You may recall that IBD announced at the end of December that they were abandoning the IBD100 list published every Monday for the IBD50 list. During QQQQ up-trends I typically selected my buys from the IBD100 list. In past posts I have shown that the types of high growth momentum stocks that meet the criteria for inclusion on the IBD100 list typically outperformed Nasdaq100 stocks in an up-trending market but underperformed them during a falling market. This is because stocks that climb rapidly usually are abandoned quickly by traders when the market turns down. I analyzed the performance of the IBD50 list published on January 10, 2011, using the prior Friday’s close (1/7) as the starting point and going through Friday, 1/28. I found that during this period, 32% of the IBD50 stocks rose; 12% rose 5% or more, and 1% rose 10% or more (TSCO, +7.6% and NFLX, +21.6%). In addition, 10% declined more than 10%, with FFIV falling the most (-20.8%). The first stock listed in this IBD50 list, RVBD, declined -7.4%. In comparison, during the same period, 42% of the Nasdaq100 index stock advanced, 17% rose 5% or more, and 7% rose 10% or more. 4% declined -10% or more, including FFIV. The IBD50 list is designed to use more stringent criteria than the IBD100 list did. At least for this limited case and time period during which the Nasdaq100 index declined (-.25%), the IBD50 list apparently underperformed the Nasdaq100 stocks. I will replicate this analysis in the future with subsequent IBD50 lists.

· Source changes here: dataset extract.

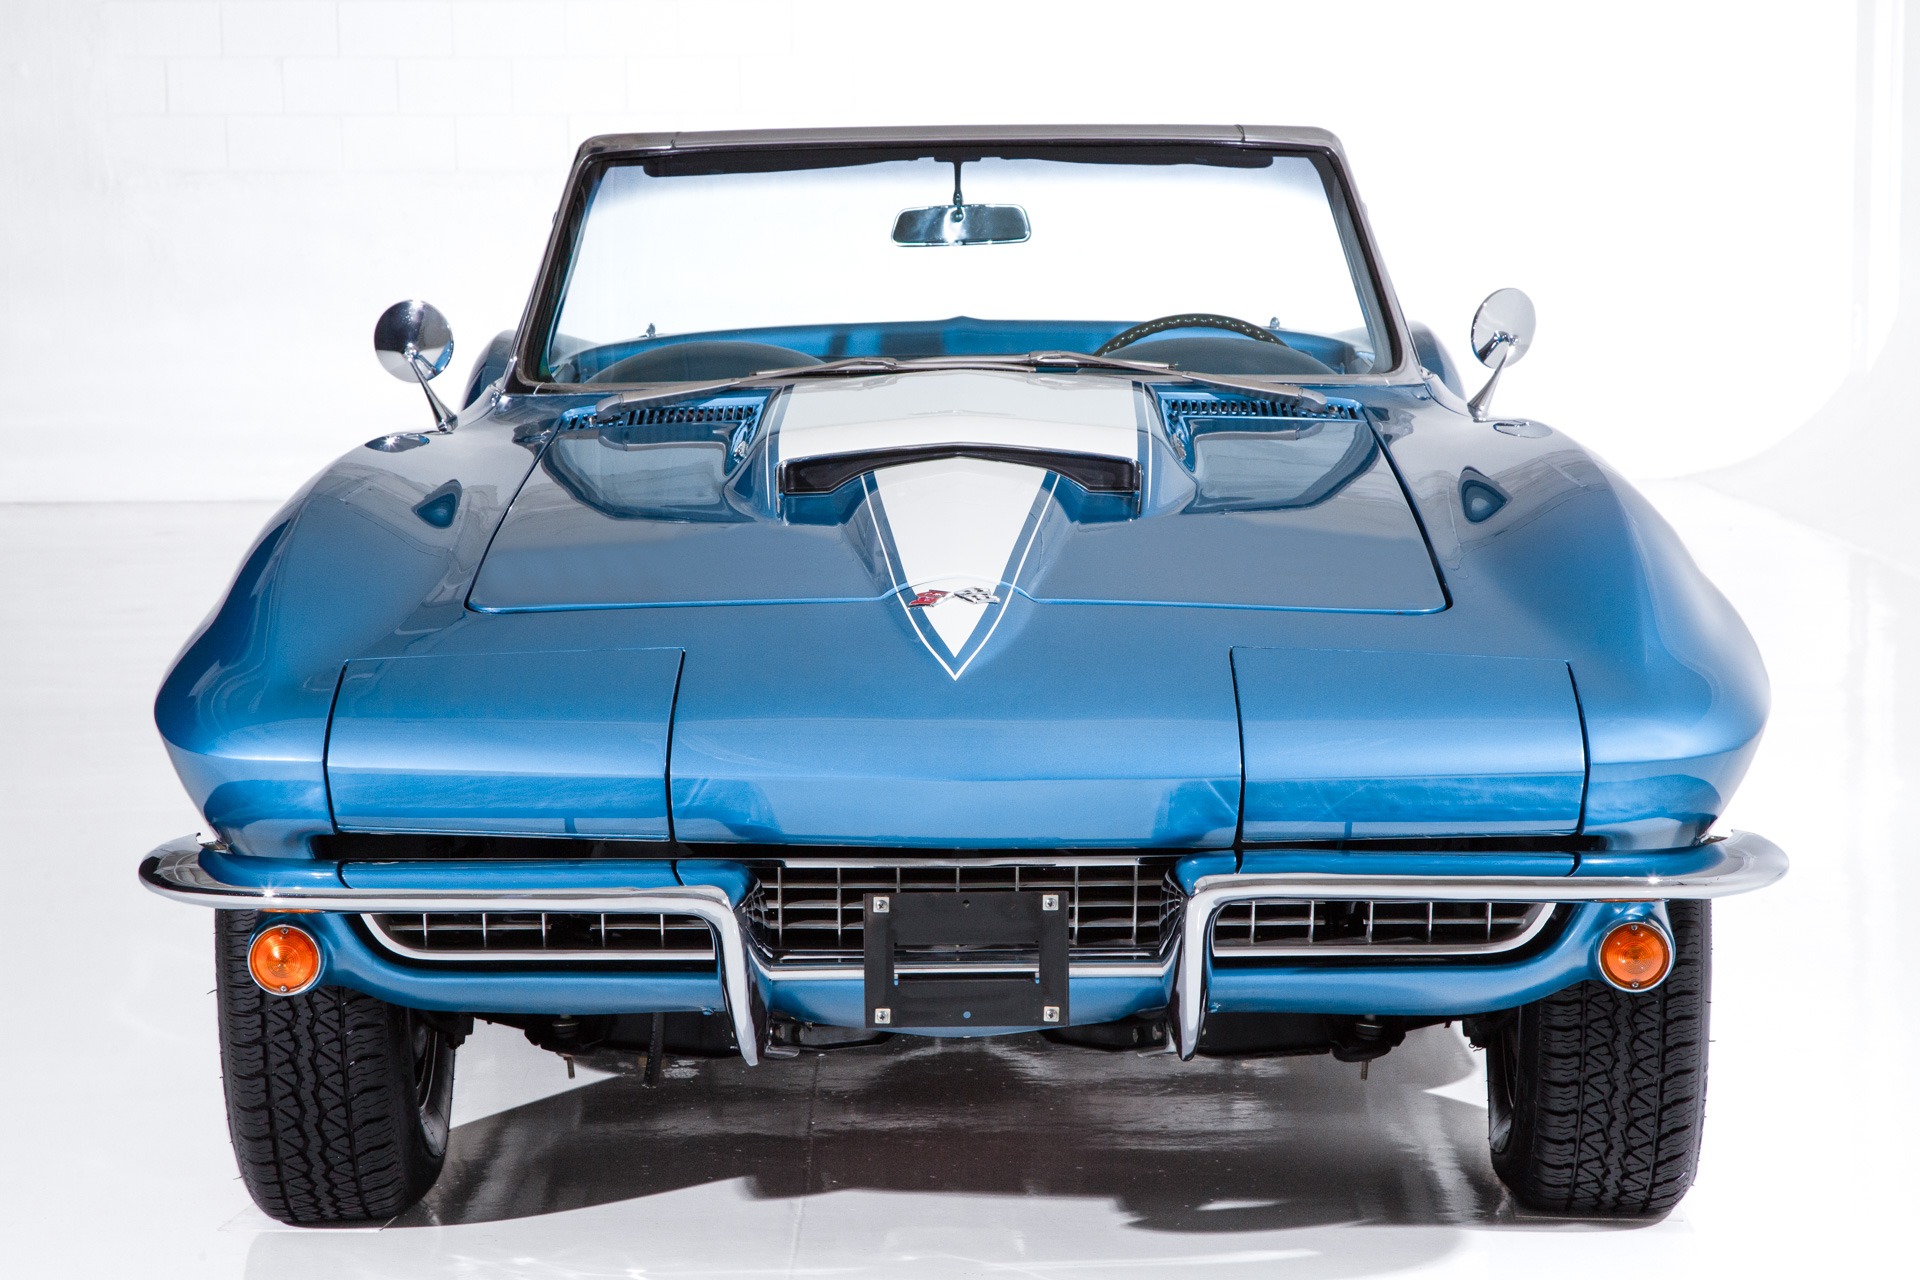 For Sale Used 1967 Chevrolet Corvette L71  427/435hp Tri-Power | American Dream Machines Des Moines IA 50309

On Saturday, I had the opportunity to present for 2.5 hours at the Worden software work-shop. I showed the audience how I use TC2007 to manage my trading. It was gratifying to see the warm reception I received from a local, primarily older adult group. I just finished two courses at the university and have been accustomed to lecturing to college students. It was a new experience for me to present to a class of people who were their parents’ ages. A big surprise was that my star student from three years ago surprised me by attending the work shop and told me that when he graduates in a few weeks, he will move to California to open up his own mutual fund. The year after he completed my course, he made a lot of money buying put options (betting on a decline) on USO during its dramatic decline in 2008, from over $100 to around $22. So the afternoon presentation was an exciting time and most of the 120 attendees said they would take my course on the market if it were ever offered more widely………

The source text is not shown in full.